One thing I just realized having now looked at the numerical results is that small image sets can still yield very good estimates. The key metric really isn’t simple radial error, for considering posteriors quickly reveals that if the difference between the posterior density of the true source and the estimate are large then we an expect a large error. Why? Because this indicates that the true source is less likely to generate the given image than the estimated point. With that in mind, the key metric for determining how well an estimation technique performs becomes the dispersion of the estimates, and that can be perhaps best measured by the eigenvalues of the variance-covariance matrix of the estimates and the variance-covariance matrix of the errors when expressed in (x,y) terms (which because of the simple link between those two can be used interchangeably).

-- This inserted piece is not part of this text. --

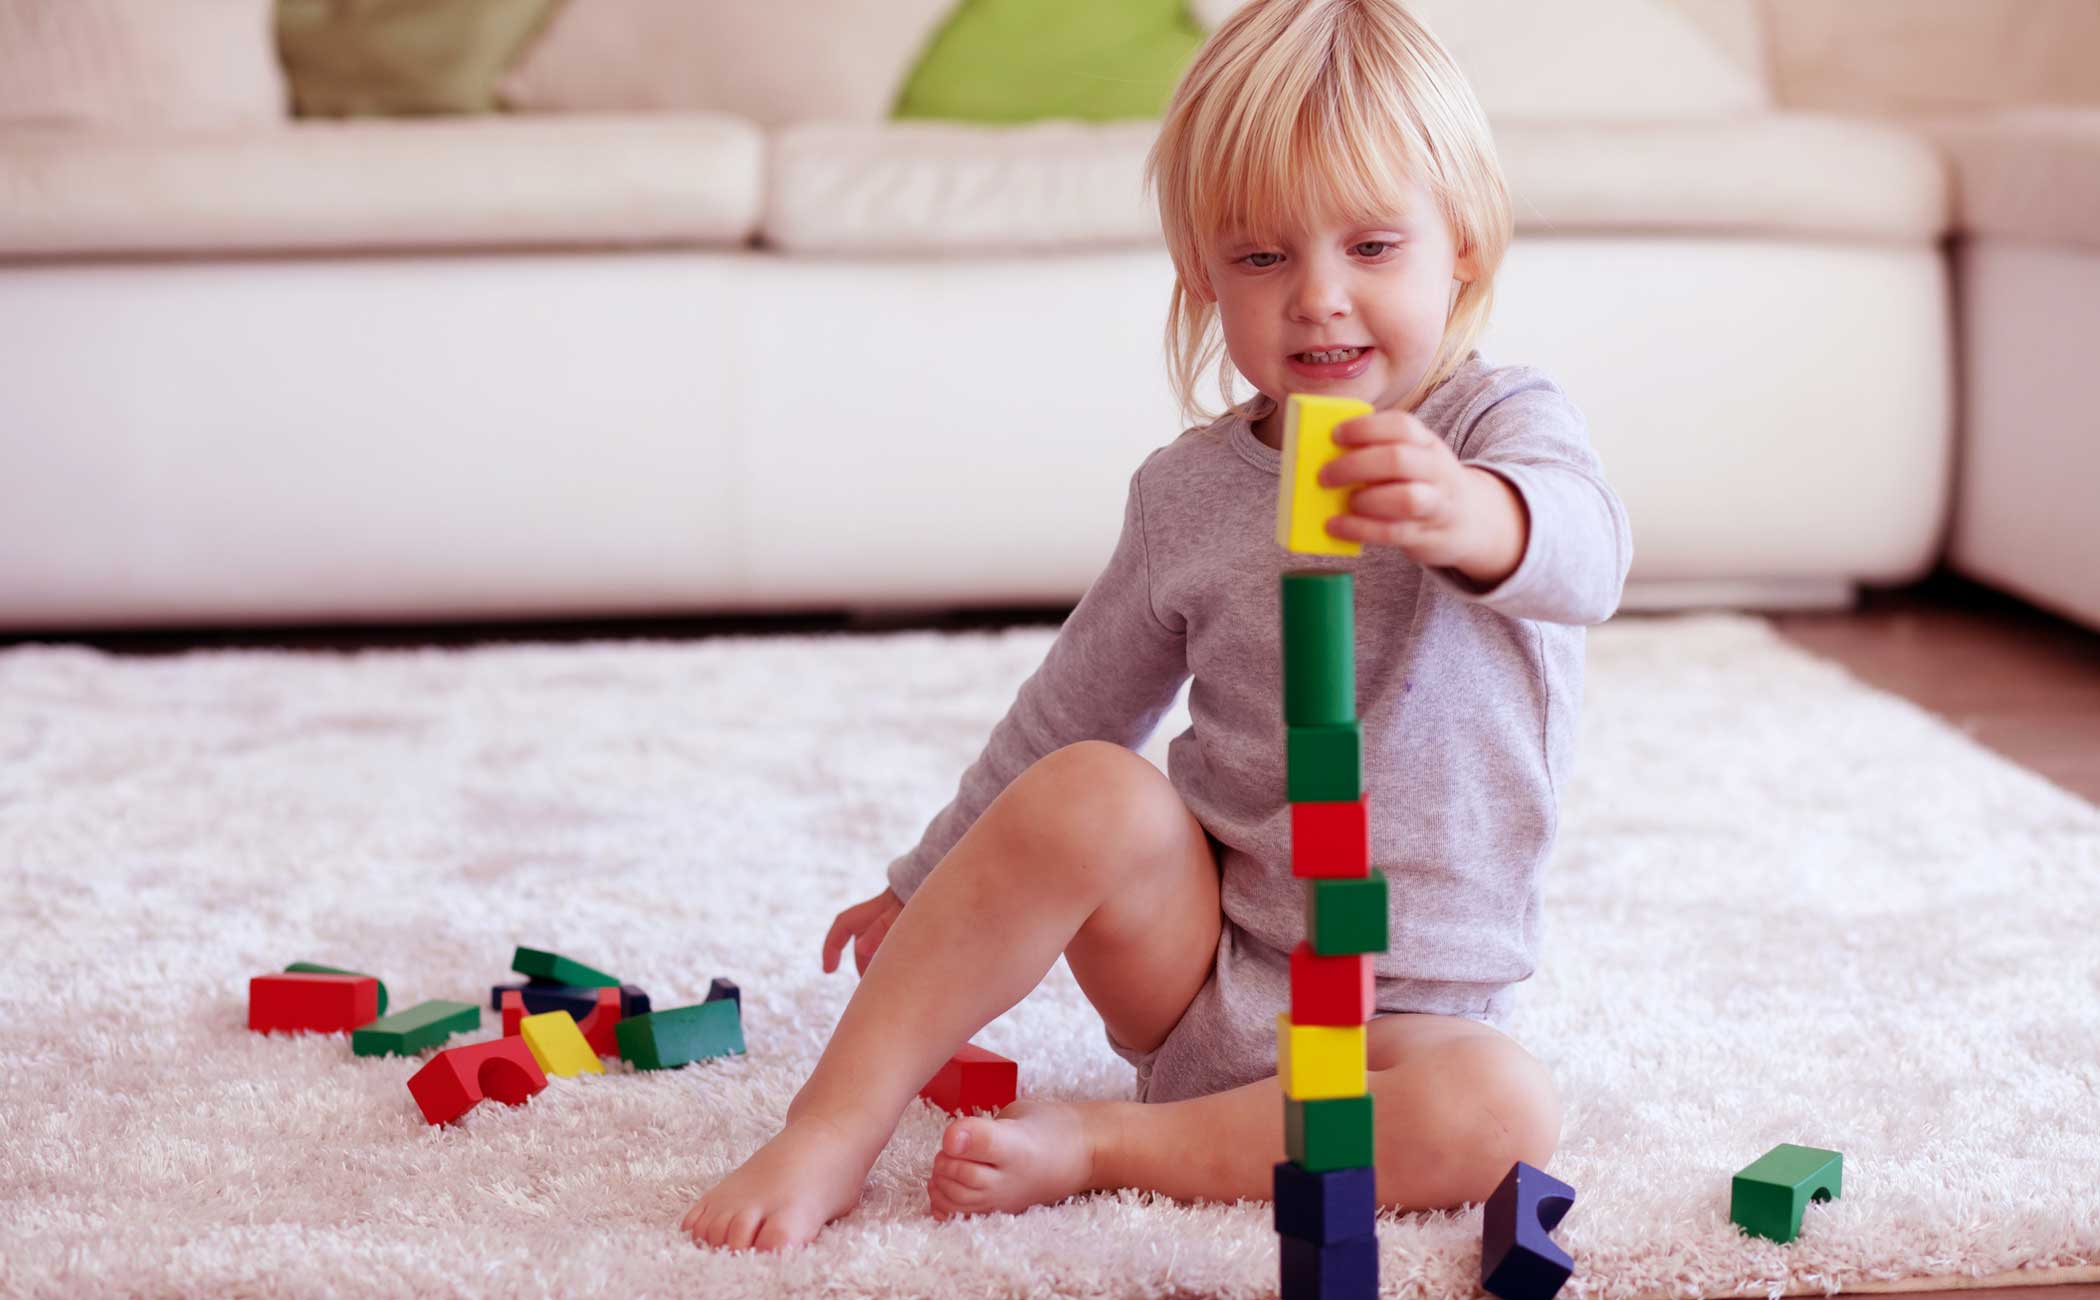 A young child with blonde hair, sitting on a light colored carpet, stacking colorful blocks.

What those eigenvalues reveal is the consistency of the estimates. And while it is possible to construct example posterior densities which are multi-modal or otherwise degenerate so long as the chain explores the space well then obtaining consistent estimates is a good thing because it means we don’t need to run many estimates in order to obtain an ensemble estimate, a definite good thing.
Starting To Run Examples
I am starting to run the examples that will be used in a paper my advisor and I will be submitting to a European mathematics journal.
There are four of them, all using a centered standard normal prior and a standard normal candidate distribution (for better comparison across estimation techniques). I ran the IMA analyses today to obtain 250 point chains with 1000 point burn ins.

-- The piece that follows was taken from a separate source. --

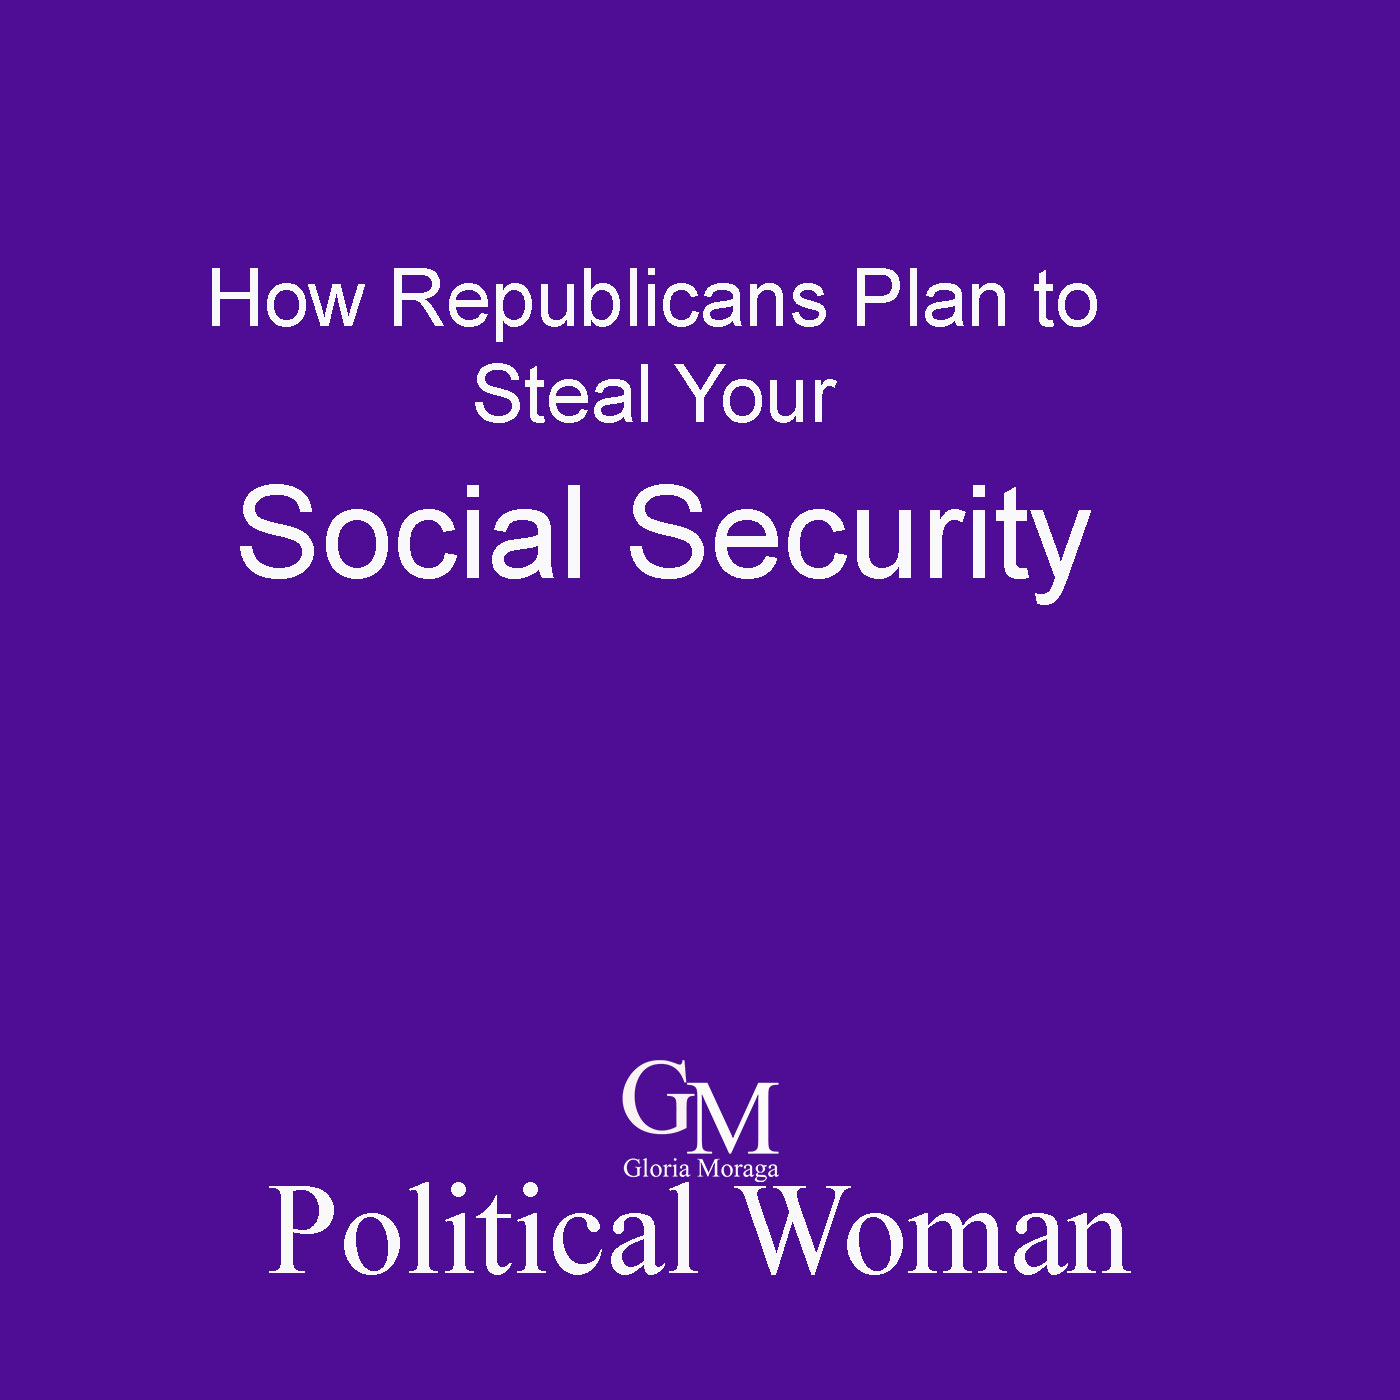 How Republicans Plan to Steal Your Social Security

So in two of the cases I obtained near stationary chains and in the other two there was very nice mixing. Later today, perhaps tomorrow I will make the plots for the sample images and the IMA chains. I want to see if there is something in the different examples which might hint at an explanation.
For giggles I ran the IMA process again for my two near stationary chain producing images using a uniform proposal and obtained slightly better results. Likewise with a 2I (2×2) variance-covariance matrix vice the standard normal candidate distribution. So I think the issue is that in some cases a standard normal prior is simply too strong to allow for good mixing. This is most interesting and I will need to run some more chains to see if I can repeat this result.
On a side note, some previous testing for ABCIMA suggested that the candidate distribution can rapidly degenerate to a single point with mass one if two precautions are not taken:
- Artificially inflating the eigenvalues of the variance-covariance matrix by a fixed amount to ensure a minimum value of same
- Using the entire set of previous chain points to compute the variance-covariance matrix for the next adaptation.
I think what I am seeing today is a reflection of the same basic problem: the variance-covariance matrix of the candidate distribution controls mixing and has a very strong effect. Ergo a possible correct remediation of poor mixing is very simple: inflate eigenvalues.
Fortunately in the case of IMA this is very easy to do. Likewise in BCIMA. However I have written the ABCIMA code to make the parameter which dictates the minimum eigenvalues of the said matrix inaccessible to anyone who isn’t interesting in digging around the source to manipulate it. That may need to change in version 0.5 of the package. I may also suggest that an intentionally broad candidate distribution be selected (vice simply using the prior) in (BC)IMA analyses in order to help ensure proper mixing. It would take many, many runs to ensure we obtain this–runs I don’t have the computer power to handle–but may be a correct next step.